3.  Adapt the method described by Uwe describes in his blog-post about JDBC [3] to using the adapter.  From there I think you can use the tensorflow APIs (sorry I've not used them but my understanding is TF only has python APIs?)

If number 3 doesn't work for you due to environment constraints, you could write out an Arrow file using the file writer [4] and try to see if examples listed in [5] help. 

 ne thing to note is, I believe the Avro adapter library currently has an impedance mismatch with the ArrowFileWriter.  The Adapter returns an new VectorStreamRoot per batch, and the Writer libraries are designed around loading/unloading a single VectorSchemaRoot.  I think the method with the least overhead for transferring is the data is to create a VectorUnloader [6] per VectorSchemaRoot, convert it to a record batch and then load it into the Writer's VectorSchemaRoot.  This will unfortunately cause some amount of memory churn due to extra allocations.
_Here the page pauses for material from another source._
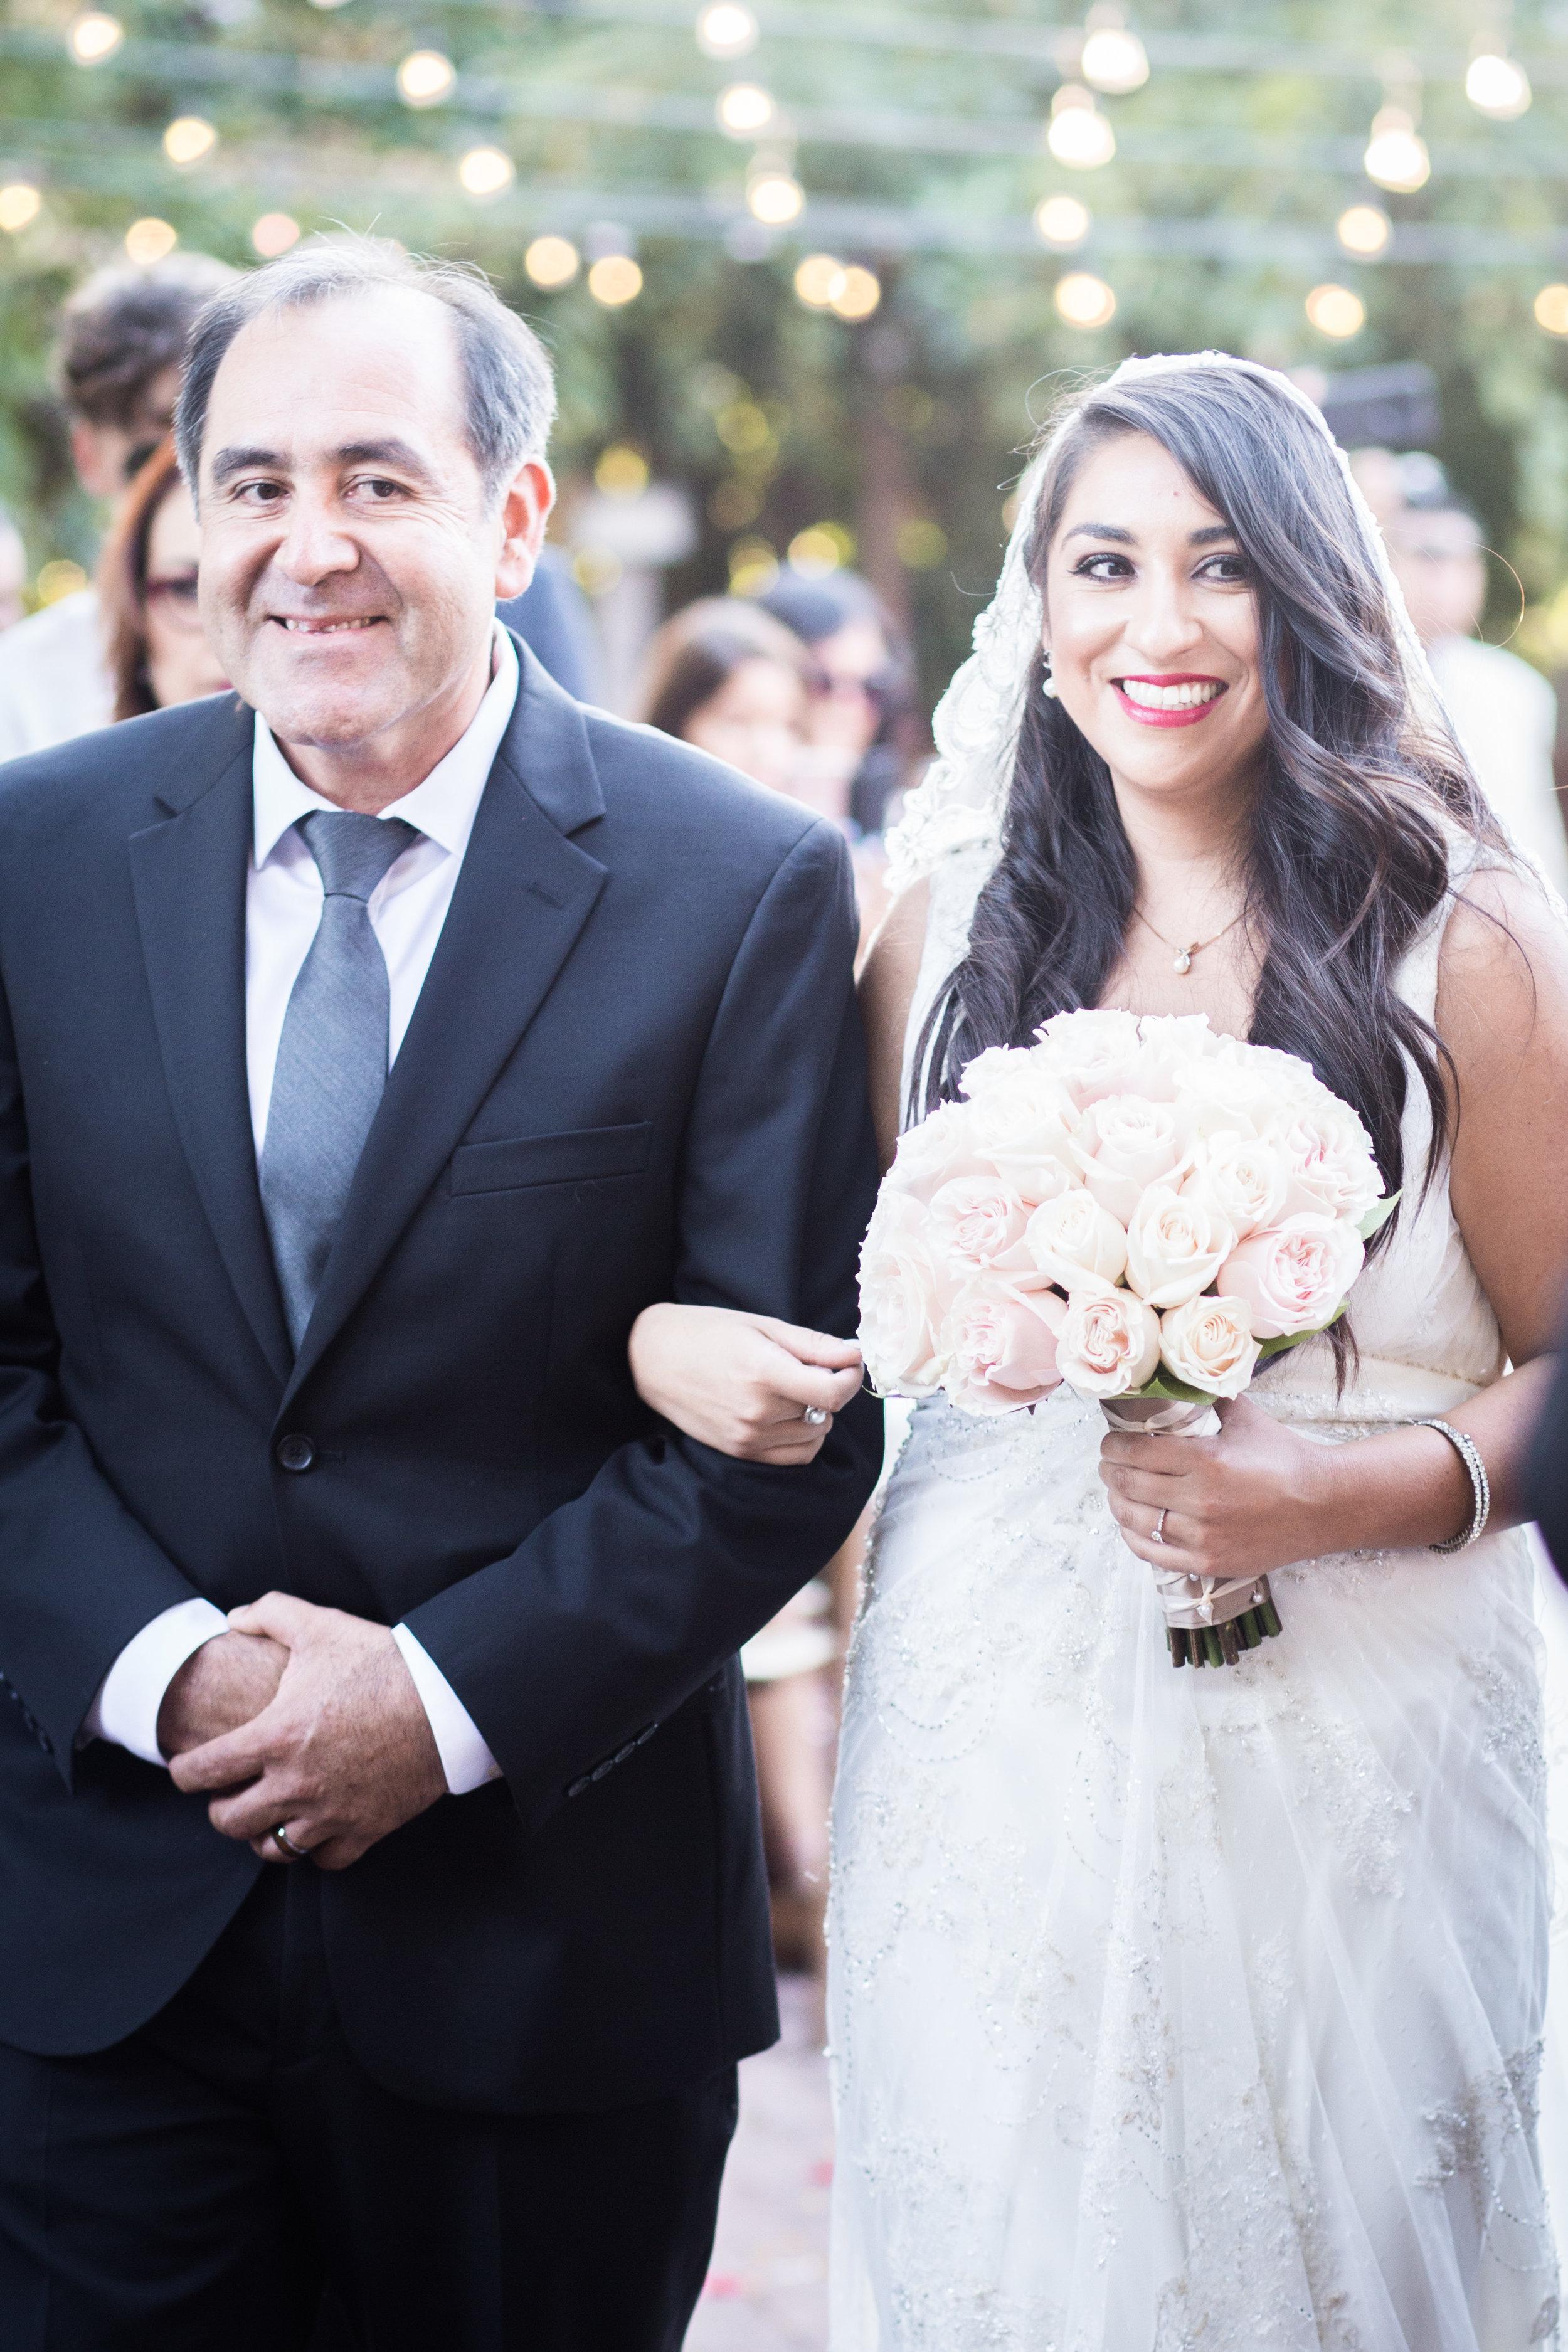 Andrea&Adrian_Wedding-314.jpg
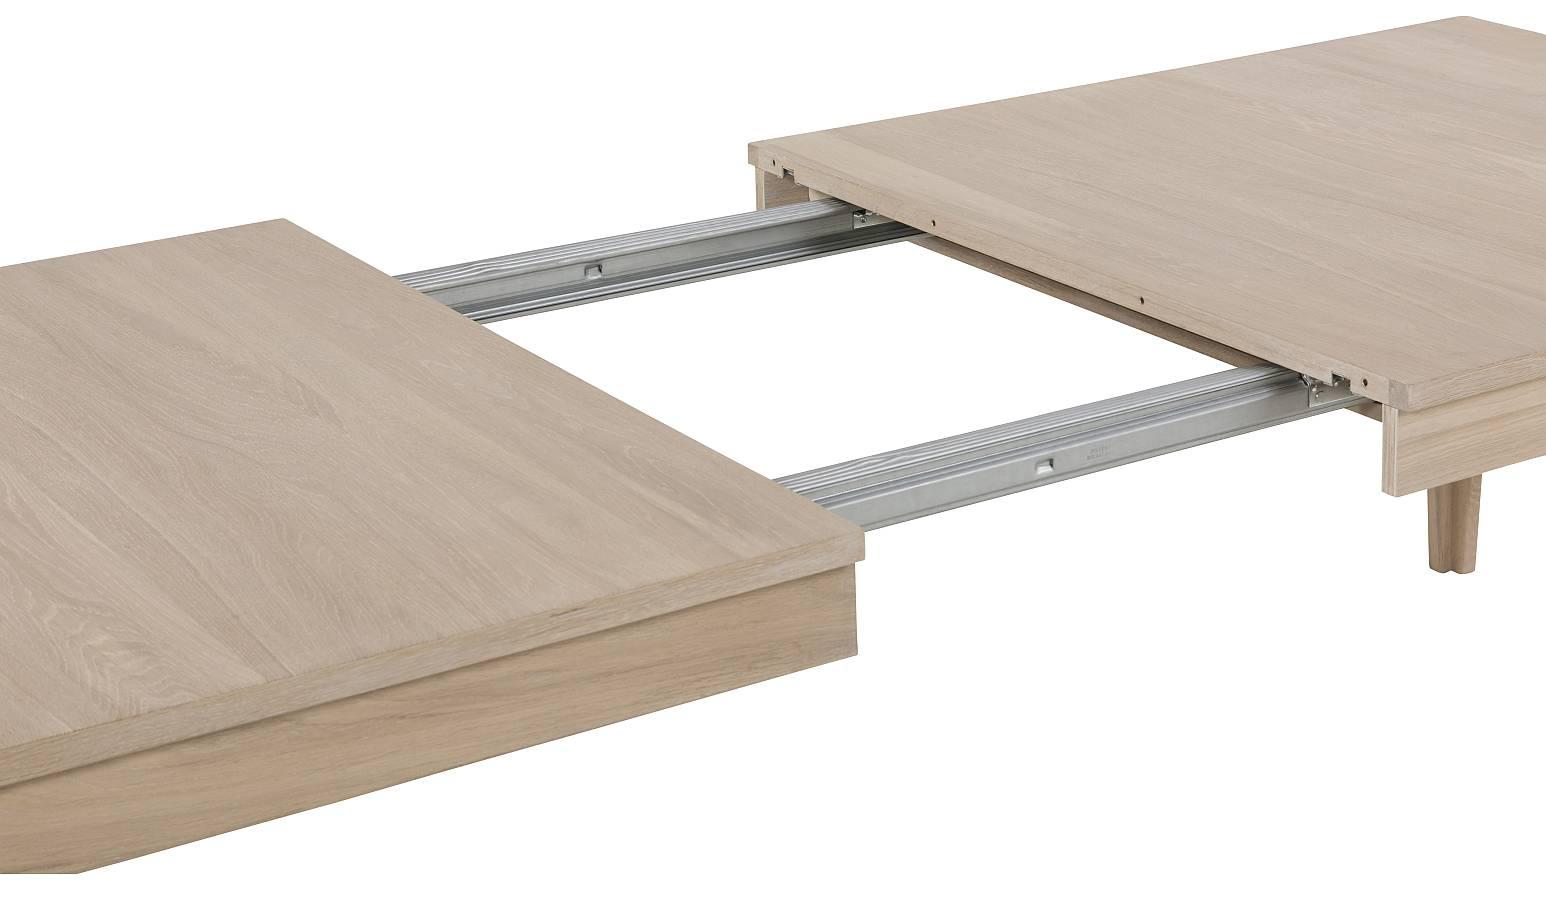 24Designs Nicky Verlengbare Tafel L220-320 Cm Inclusief 2 Inlegbladen

There is a short overview of working with Arrow generally available at [7]

Hope this helps,
Micah

[1] https://avro.apache.org/docs/1.10.0/api/java/org/apache/avro/io/DecoderFactory.html
[2] https://github.com/apache/arrow/blob/master/java/adapter/avro/src/test/java/org/apache/arrow/AvroToArrowIteratorTest.java#L77
[3] https://uwekorn.com/2019/11/17/fast-jdbc-access-in-python-using-pyarrow-jvm.html
[4]  https://github.com/apache/arrow/blob/fe541e8fad2e6d7d5532e715f5287292c515d93b/java/vector/src/main/java/org/apache/arrow/vector/ipc/ArrowFileWriter.java
[5] https://blog.tensorflow.org/2019/08/tensorflow-with-apache-arrow-datasets.html
[6] https://github.com/apache/arrow/blob/master/java/vector/src/main/java/org/apache/arrow/vector/VectorUnloader.java
[7] https://arrow.apache.org/docs/java/

On Tue, Jul 28, 2020 at 9:06 AM Cindy McMullen <cmcmullen@twitter.com> wrote:
Hi -

I've got a byte[] of serialized Avro, along w/ the Avro Schema (*.avsc file or SpecificRecord Java class) that I'd like to send to TensorFlow as input tensors, preferably via Arrow.  Can you suggest some existing adapters or code patterns (Java or Scala) that I can use?  

Thanks -

-- Cindy